In the 19th century a German scientist named Helmut von Helmholtz made a series of puzzling observations. When we press our eyeball with our fingers, the world moves, however, when we naturally move our eyes the world seems stable. Then, when the eyes are fixated on an object, that object is in focus but most other objects are out of focus and ought to appear blurred. Such blurring is rarely experienced. Moreover due to binocular disparity, everything away from the fixated object ought to appear double, something also never experienced. Helmholtz invented the term “inductive inference” and proposed that perception is influenced by previous experience, that it is a continual hypothesis-testing. The visual scene is populated by objects created from our own expectations and the senses act mostly to provide feedback confirming or rejecting our expectations. One way to imagine this process would be as if we dreamed with our eyes open, so that sensory feedback could constrain our imagination.

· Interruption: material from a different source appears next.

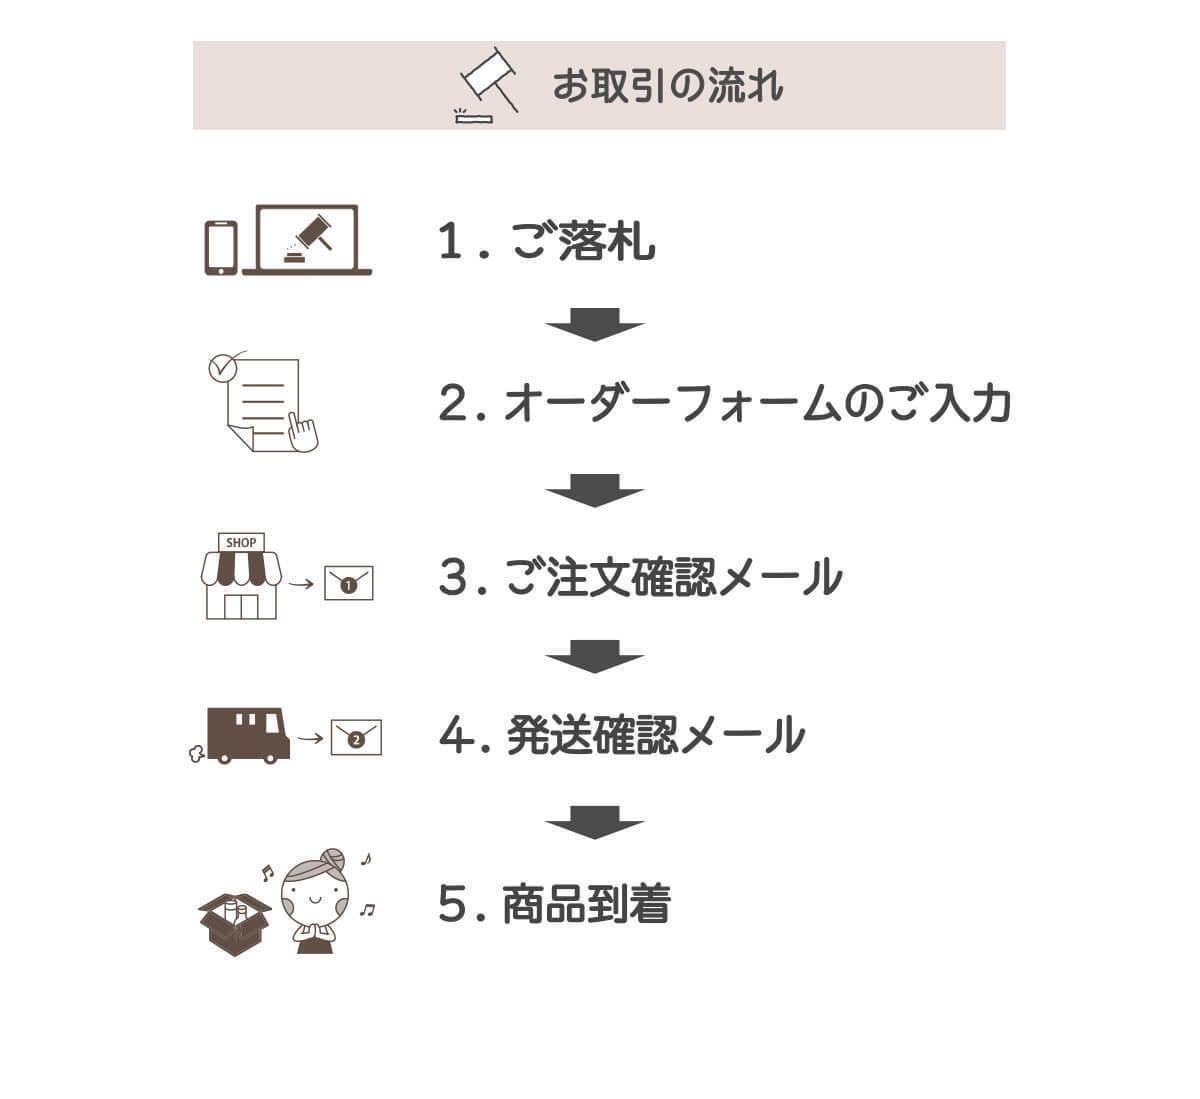 ▽ wonder 麹まるごと贅沢青汁 3g×30袋入 賞味期限 2022年2月27日迄 未開封品 ネコポス可_画像4

Helmholtz’s ideas were mostly forgotten for nearly a century since they were first published in German. The introduction of Bayesian statistics in models of visual perception eventually led to a re-emergence of Helmholtz’s ideas. Experiments on inattentional blindness demonstrated that we do not truly perceive an object until we fixate our eyes upon it. It has been experimentally demonstrated that the part of the brain that is involved in object recognition, the inferior temporal lobe, only detects objects when they are fixated. If objects are presented far away from the point of fixation, neurons in this area of the brain do not respond to them. In binocular rivalry experiments, when different images are presented to each eye, for example a face to the left eye and a house to the right eye, the corresponding conscious percept is not an overlapping image. Rather perception alternates between a house or a face, because house-faces are things not expected to be seen in the real world.
Practically every visual illusion confirms the idea that the brain produces percepts by itself, based on stored models. Perceptual inference is demonstrated in this figure of the four Mooney stimuli. Patches of black and white carefully arranged can elicit the impression of a face (upper two images), unlike in the lower two images when similar black and white patches elicit no such impressions. These impressions seem to be the product of our own mind and this can be more forcefully felt when the picture is turned upside down. Then we can recognise that the previously meaningless images can also elicit impressions of faces, once viewed the right way up. The brain goes through a process of evaluation, comparing its stored visual memories to the incoming sensory signals, only recognising an object or a face when it correctly matches an internal template. The fact that the same image only elicited a percept when it was viewed in a certain way means that the percept can have no other origin but from within our brains. The physical stimulus itself has not changed.
The cerebral cortex is a repository of programs and memories used to evaluate sensory input. Visual perception would not be possible without such visual memories built through experience.